Third, the determination binary search tree

In addition to the search key using the above two methods, we can also complete binary tree search key by this data structure. As can be seen from the figure, if we need to find the number 8, can be achieved (may not understand that the future will be able to understand) the following four steps:

6 is smaller than the root node 8, to the right child of 6 to find 9

Node 9 is greater than 8, 9 to the left to find the sub-node 7

Node 7 is less than 8, the left to find the sub-node 7

Found 8

Determine the tree each node needs to find just the number of nodes where the number of layers that;

Find a number of times to find success does not exceed the depth of the decision tree

The depth of the decision tree nodes is N \ ([log_2 {n}] + 1 \)

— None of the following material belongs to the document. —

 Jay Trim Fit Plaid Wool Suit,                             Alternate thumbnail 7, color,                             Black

• \(ASL = (4*4+4*3+2*2+1)/11 = 3\)

Fourth, the definition of the tree

Tree (Tree): \ ((\ {0}) \ n n geq) finite set of nodes configured.

When n = 0, called null tree

• 对于任一颗

Non-empty tree (n>0)

，它具备以下性质：

Tree has a special node called the root (Root), expressed by r

The remaining nodes can be divided into a finite set of m (m> 0) disjoint \ (T_1, T_2, \ cdots, T_m \), wherein each set is itself a tree, called subtrees of the original tree (SubTree) V. tree and non-tree

Bear in mind that the tree has the following three characteristics:

Subtree are disjoint;

In addition to the root, each node has only one parent node;

A tree with N nodes has N-1 edges

5.1 Non-tree 5.2 trees VI. Some basic terms of trees The number of sub-tree nodes: node degree (Degree)

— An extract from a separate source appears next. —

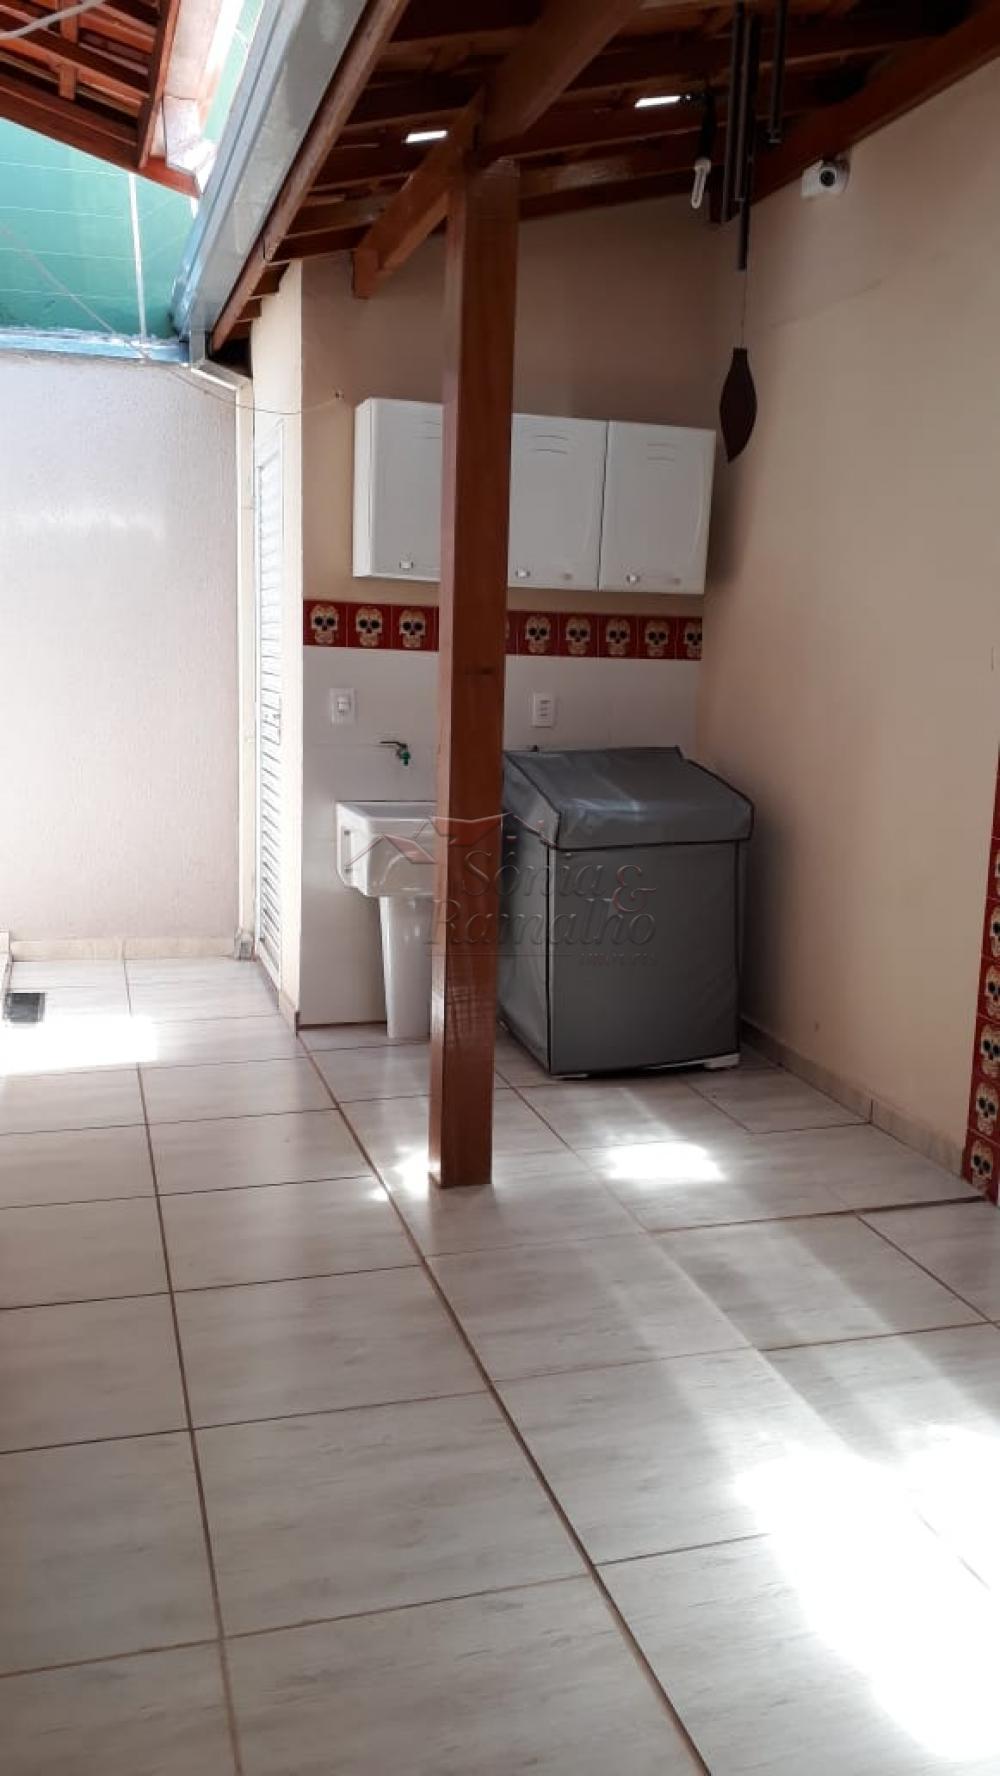 Comprar Casas / Padrão em Ribeirão Preto apenas R$ 265.000,00 - Foto 21

Tree degree: all the nodes in the tree maximum degree

Leaf nodes (Leaf): degree of node 0

Parent node (Parent): with a subtree node is the root node of its parent node subtree

Child nodes (Child): If A node is the parent node B node, the node B is called a child node A node; child nodes, also known as child nodes

1. Sibling (Sibling): each node having the same parent node is a sibling of another

2. Path and path length: The path from node (n_1) to (n_k) is a sequence of nodes (n_1, n_2, cdots, n_k), and (n_i) is the parent of (n_ {i+1}). The number of edges the route contains is the length of the route

3. Ancestor: All nodes along the tree root to a node path are ancestors of this node

4. Descendant: All nodes in the subtree of a node are descendants of this node

5. Node Level: specifies that the root node is at layer 1, the number of layers of any other node is the number of layers of its parent node plus 1

6. Depth of the tree: The largest level among all nodes in the tree is the depth of the tree

Represents seven trees

7.1 tree representation of the list List tree representation shown above have great drawbacks, assuming a depth of the tree is very large, and can not guarantee that all child nodes of the tree have three, it will cause a large degree of waste.

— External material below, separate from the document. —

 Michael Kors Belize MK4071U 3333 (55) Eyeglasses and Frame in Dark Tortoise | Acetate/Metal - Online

7.2 list tree (son - brother) notation

In order to solve the waste will be represented by one of ordinary space list tree defects, we can set two link list pointers, a link to son nodes, links to another sibling node, as shown below: Tree representation shown above has been perfectly adequate, but if we list tree represents the rotation angle of 45 °, will find as follows: After a 45 ° angle of rotation, we will find a binary tree (a tree node has at most two sub-nodes), that is in fact the most common tree can represent binary tree, that is to say as long as we have thoroughly studied the binary tree , that is, we have thoroughly studied the tree.